I believe in this instance it should be "set-like well-founded relational class" or something like that. The point is that for each $x \in \mathbf{Z}$ the class $\{ z \in \mathbf{Z} : z \mathrel{\mathbf{W}} x \}$ is actually a set.

Indeed, on p.125 Just-Weese give the following defintion:

A relational class $\mathbf{W}$ is said to be set-like if $$ (\forall x) (\exists y) ( y = \{ z : \langle z,x \rangle \in \mathbf{W} \} ).$$

Notice that this is precisely what you need in order to assert the existence of such a function(al class) $\mathbf{G}$ in the hypothesis of the theorem. If $I_{\mathbf{W}} ( z )$ were a proper class for some $z \in \mathbf{Z}$, then there could be no pairs of the form $\langle f , z \rangle$ where $\mathrm{dom} ( f ) = I_{\mathbf{W}} (z)$, since $f$ must be a set, and so its domain must be a set, which it cannot be. (Recall that only sets have real existence in ZF(C)). Also, the function(al class) $\mathbf{F}$ that the theorem asserts to exist similarly could not exist because it could not be defined at such a $z$.

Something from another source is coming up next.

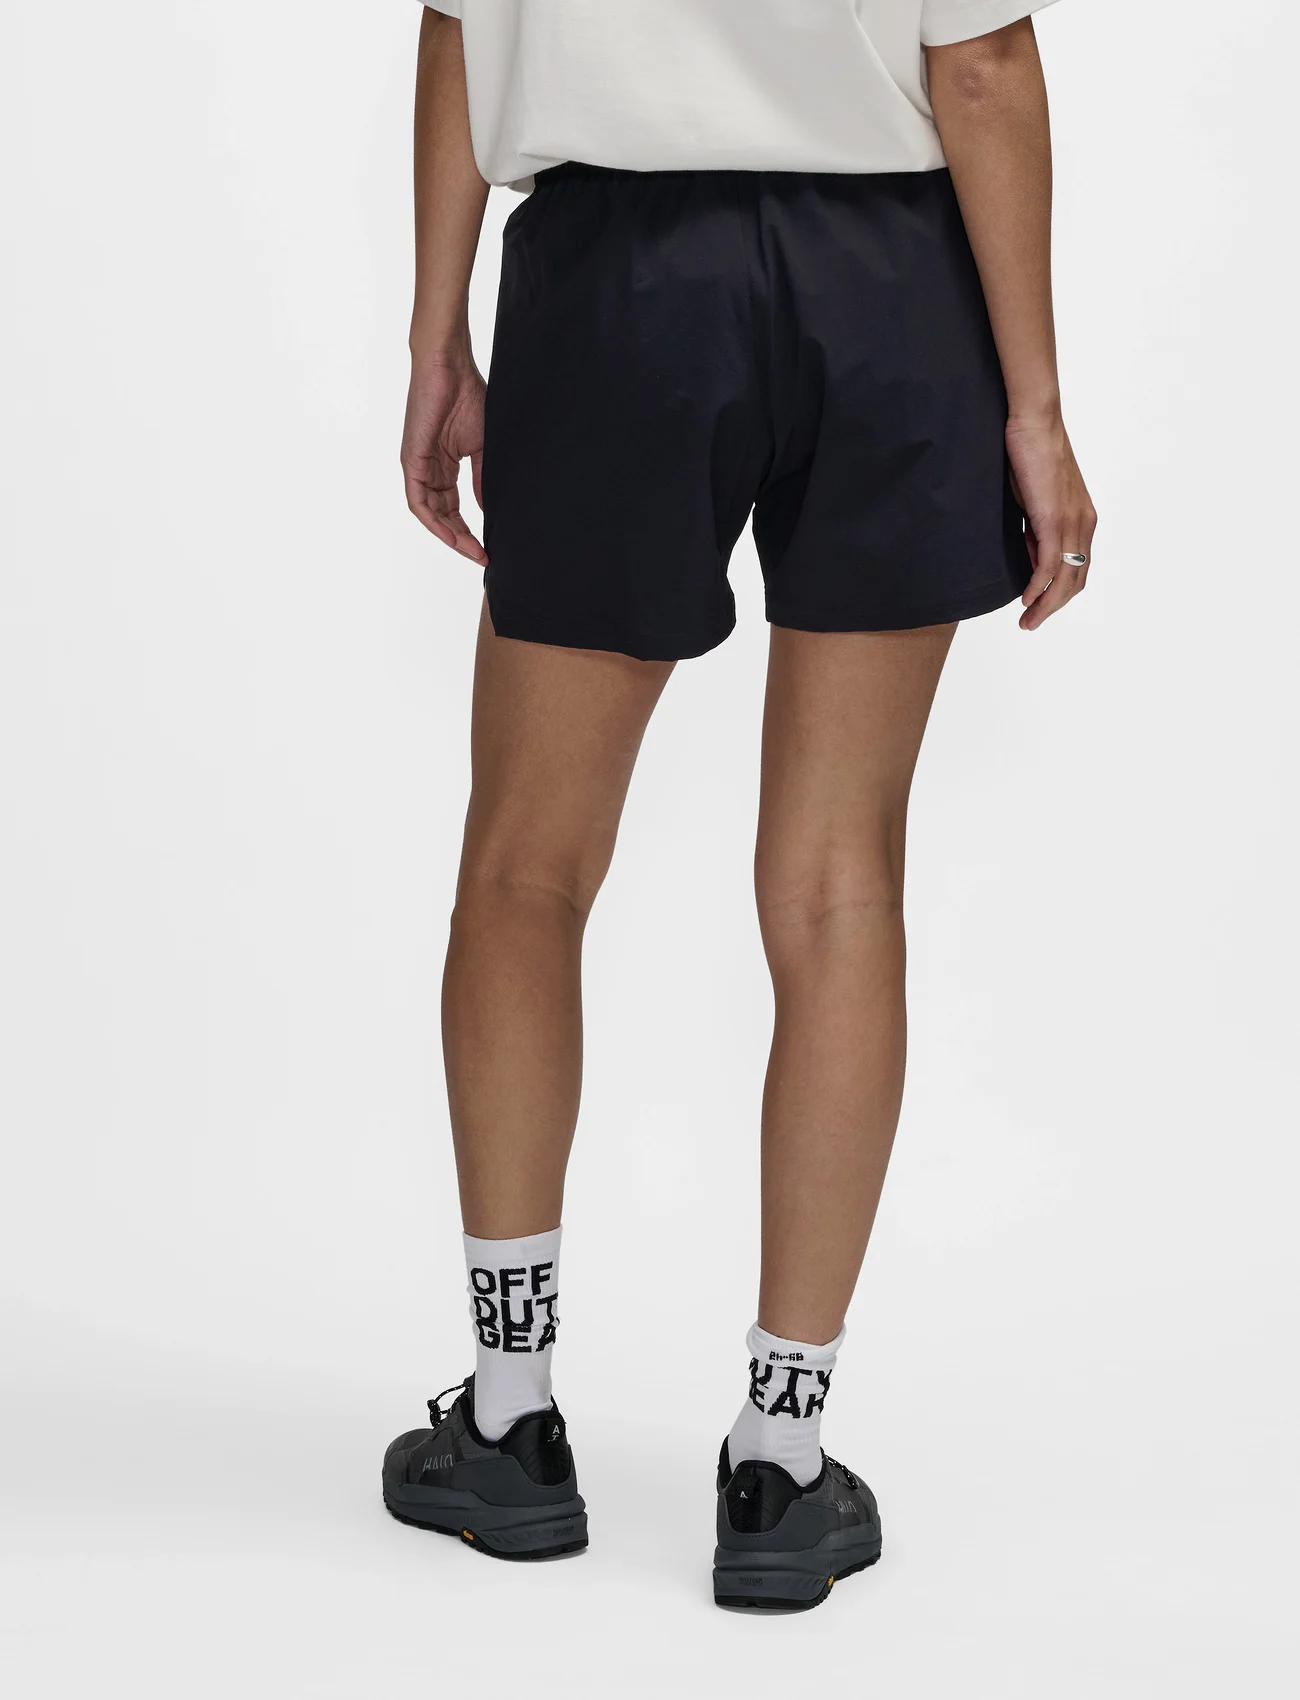 HALO - HALO SHORTS - training shorts - black - 4

For an example of a well-founded relational class which fails to be set-like, consider $\mathbf{W} \subseteq \mathbf{On} \times \mathbf{On}$ defined by $$\langle \alpha , \beta \rangle \in \mathbf{W} \quad \Longleftrightarrow \quad \begin{cases} 0 < \alpha < \beta, &\text{or}\\ \beta = 0 \wedge \alpha \neq 0. \end{cases}$$ This is a "well-ordering" of $\mathbf{On}$ which makes $0$ the unique maximum element (but otherwise retains the usual ordering of $\mathbf{On}$). Clearly $I_{\mathbf{W}} ( 0 ) = \mathbf{On} \setminus \{ 0 \}$ is not a set.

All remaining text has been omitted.